In 1996, the year the zoo had trouble making payroll, a frustrated Xanten retired and went to work at a hardware store, a job he wryly called "less stressful."

But in February 2003, the Xantens received a call from National Zoo director Lucy Spelman.

"In a way I was surprised when my wife said Lucy called," he said. "I hadn't expected it. "

But he knew full well how bad things were.

"I'd read about the panda poisoning in the papers and thought, 'Wow, that's a real tragedy.' I knew what was going on. I had stayed in touch with people at the zoo," he said.

The call left him torn.

"I was not sure I wanted to come back," he said. "I said I'd think about it."

His wife was flabbergasted.

"For seven years, all you've done is bitch and complain about what's wrong at the zoo," she told him. "If you don't take this chance to do something about it, I never want to hear about the zoo again."

Xanten's return didn't bring a magical, overnight fix.

"We went through a really bad period," he said. "It all came at the same time."

He was stunned when the zoo's accreditation was thrown into doubt, with deteriorating facilities and a reduced collection cited.

And The Washington Post stepped up reports on problems at the zoo.

This spring, Spelman announced her intention to leave at the end of the year, saying she had become too much of a "lightning rod."

"Everyone at the zoo is committed to revitalizing our animal collection, facilities and science programs," Spelman said this month.

"While we've taken the first steps--which are often the toughest--it's clear that this commitment to renewing the zoo must remain firm for many years to come," she said.

"We've already seen our partners, including Congress, FONZ and our visitors, come together to help in this renewal," Spelman said. "However, it's critical that this advocacy continues through strong funding and support for the zoo."

Looking ahead

There is much to be done in terms of repairing facilities, some of which cannot be torn down because they are historic landmarks.
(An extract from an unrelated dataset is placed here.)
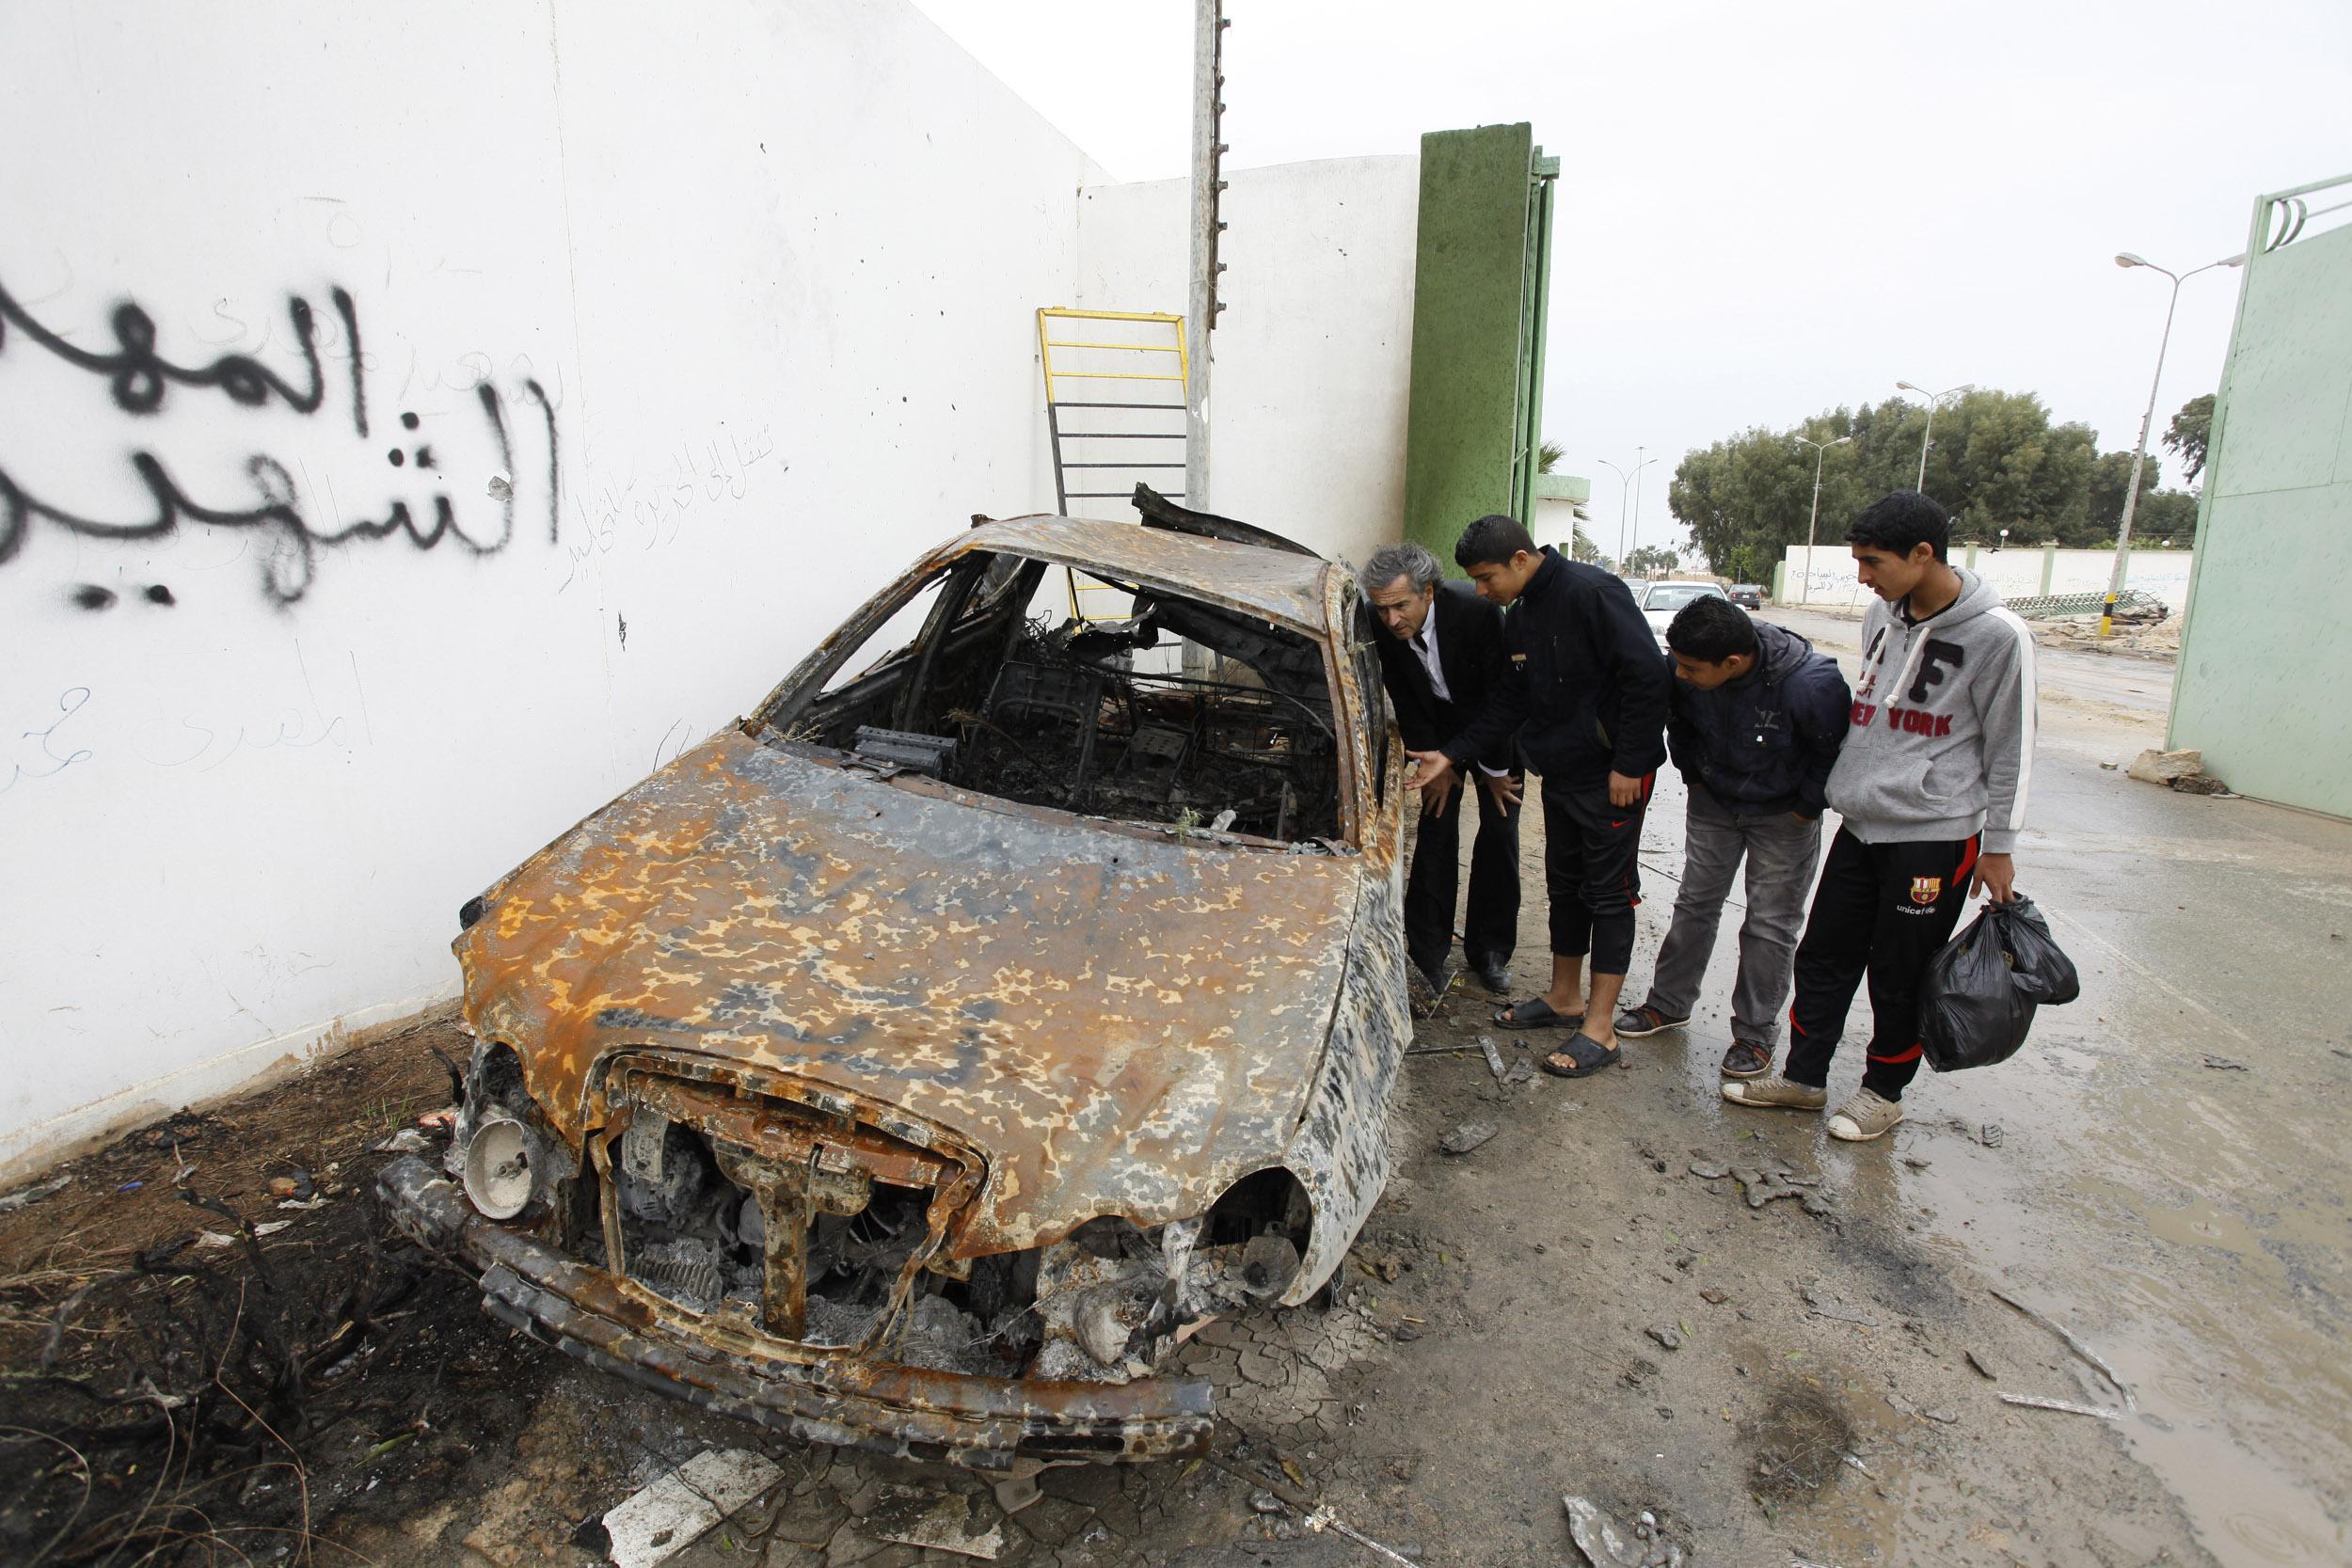 La voiture de Mr Ziou, le martyr qui a fait sauter le portail de la caserne de Benghazi, permettant de libérer la ville par son sacrifice. Bernard-Henri Lévy et des jeunes libyens. Photo Marc Roussel.

The sloth bear exhibit was built in 1890, and the elephant house is more than 70 years old.

The zoo and FONZ have outlined a 10-year revitalization program.

Asia Trail is the first step in the effort to renovate and modernize the zoo. One-fourth of the zoo will undergo renovation as part of Asia Trail.

Kids' Farm, a congressionally funded interactive exhibit designed to introduce young visitors to domesticated farm animals, opened in June.

Things have begun to turn around in part because Xanten borrowed a Ted Reed tactic from the late '50s and '60s--a conscious effort to get staff out to see other zoos. "It really made a difference. They'd come back excited," Xanten said.

When Reed left in 1983, Xanten said, everything started to stagnate. The zoo, he said, became a very parochial organization.

"Nobody went anywhere," he said. "There were no new ideas."

"That's turned around now. You can already see the change of attitude."

Now comes the hard part--convincing Congress that "We need a regular infusion of money," Xanten said.

"They can't just write a check and walk away and forget it," he said. "We're going to need their support for years to come."

Xanten said he's not embarrassed to plead for congressional help.

"We deserve it," he said. "We've been the stepchild."

Staff librarian Craig Schulin contributed to this report.